Scikit-plot is the result of an unartistic data scientist's dreadful realization that *visualization is one of the most crucial components in the data science process, not just a mere afterthought*.

Gaining insights is simply a lot easier when you're looking at a colored heatmap of a confusion matrix complete with class labels rather than a single-line dump of numbers enclosed in brackets. Besides, if you ever need to present your results to someone (virtually any time anybody hires you to do data science), you show them visualizations, not a bunch of numbers in Excel.

That said, there are a number of visualizations that frequently pop up in machine learning. Scikit-plot is a humble attempt to provide aesthetically-challenged programmers (such as myself) the opportunity to generate quick and beautiful graphs and plots with as little boilerplate as possible.

## Okay then, prove it. Show us an example.

Say we use Naive Bayes in multi-class classification and decide we want to visualize the results of a common classification metric, the Area under the Receiver Operating Characteristic curve. Since the ROC is only valid in binary classification, we want to show the respective ROC of each class if it were the positive class. As an added bonus, let's show the micro-averaged and macro-averaged curve in the plot as well.

Let's use scikit-plot with the sample digits dataset from scikit-learn.

```python
# The usual train-test split mumbo-jumbo
from sklearn.datasets import load_digits
from sklearn.model_selection import train_test_split
from sklearn.naive_bayes import GaussianNB

X, y = load_digits(return_X_y=True)
X_train, X_test, y_train, y_test = train_test_split(X, y, test_size=0.33)
nb = GaussianNB()
nb.fit(X_train, y_train)
predicted_probas = nb.predict_proba(X_test)

# The magic happens here
import matplotlib.pyplot as plt
import scikitplot as skplt
skplt.metrics.plot_roc(y_test, predicted_probas)
plt.show()
```
![roc_curves](examples/roc_curves.png)

Pretty.

And... That's it. Encaptured in that small example is the entire philosophy of Scikit-plot: **single line functions for detailed visualization**. You simply browse the plots available in the documentation, and call the function with the necessary arguments.

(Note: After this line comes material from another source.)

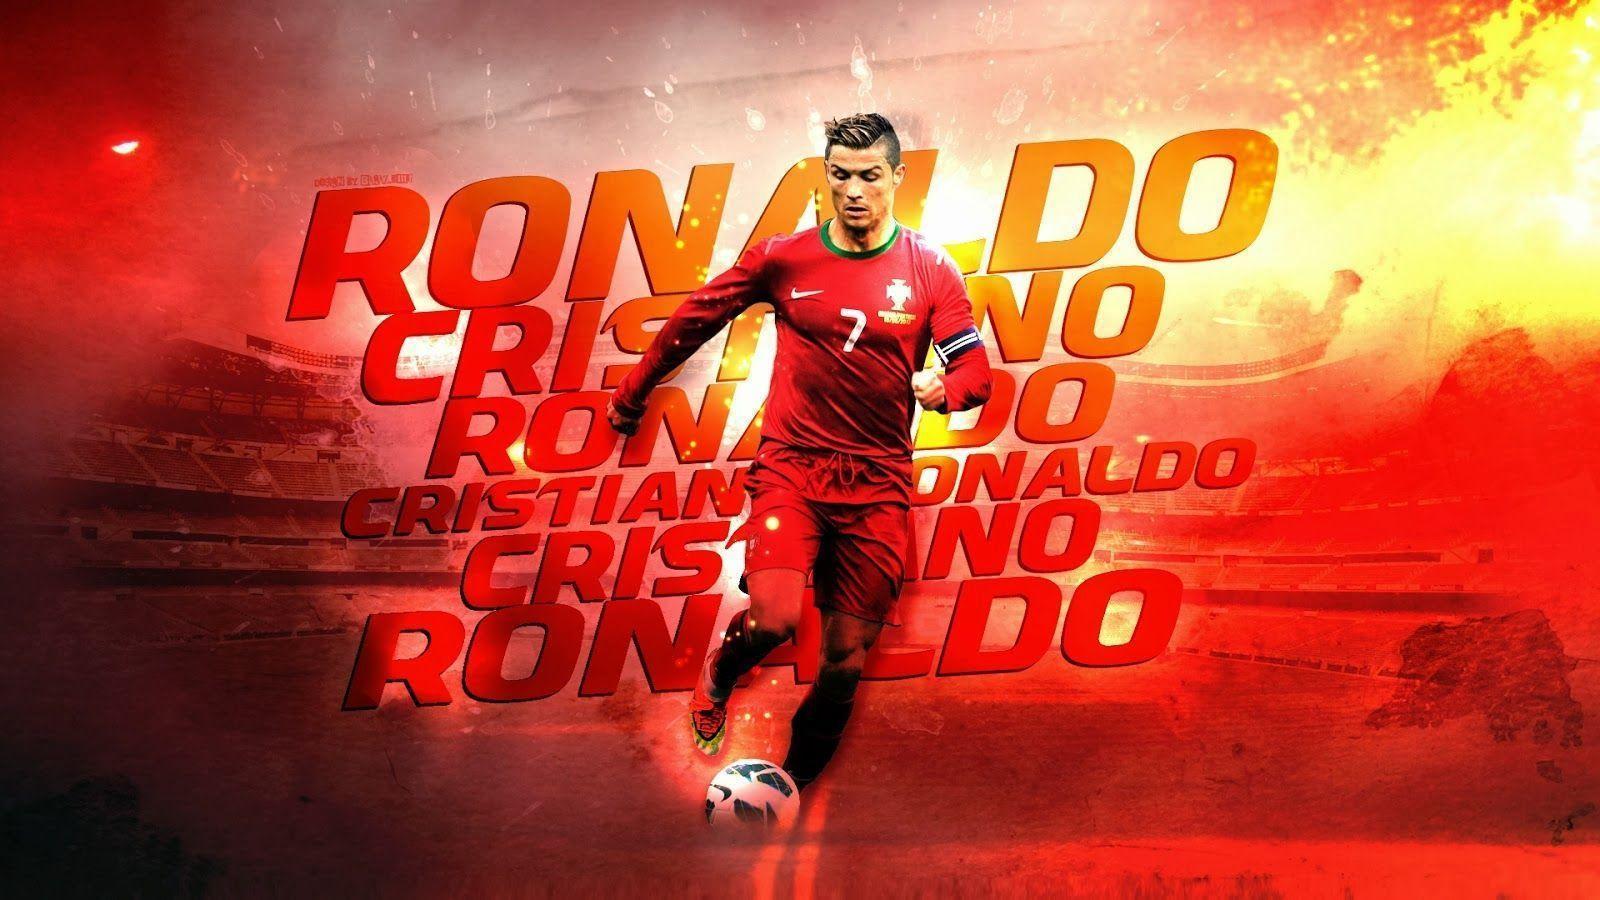 Cristiano Ronaldo New HD Wallpaper 2014 2015. Football Wallpaper HD

Scikit-plot tries to stay out of your way as much as possible. No unnecessary bells and whistles. And when you *do* need the bells and whistles, each function offers a myriad of parameters for customizing various elements in your plots.

Finally, compare and [view the non-scikit-plot way of plotting the multi-class ROC curve](http://scikit-learn.org/stable/auto_examples/model_selection/plot_roc.html). Which one would you rather do?

## Maximum flexibility. Compatibility with non-scikit-learn objects.

Although Scikit-plot is loosely based around the scikit-learn interface, you don't actually need Scikit-learn objects to use the available functions. As long as you provide the functions what they're asking for, they'll happily draw the plots for you.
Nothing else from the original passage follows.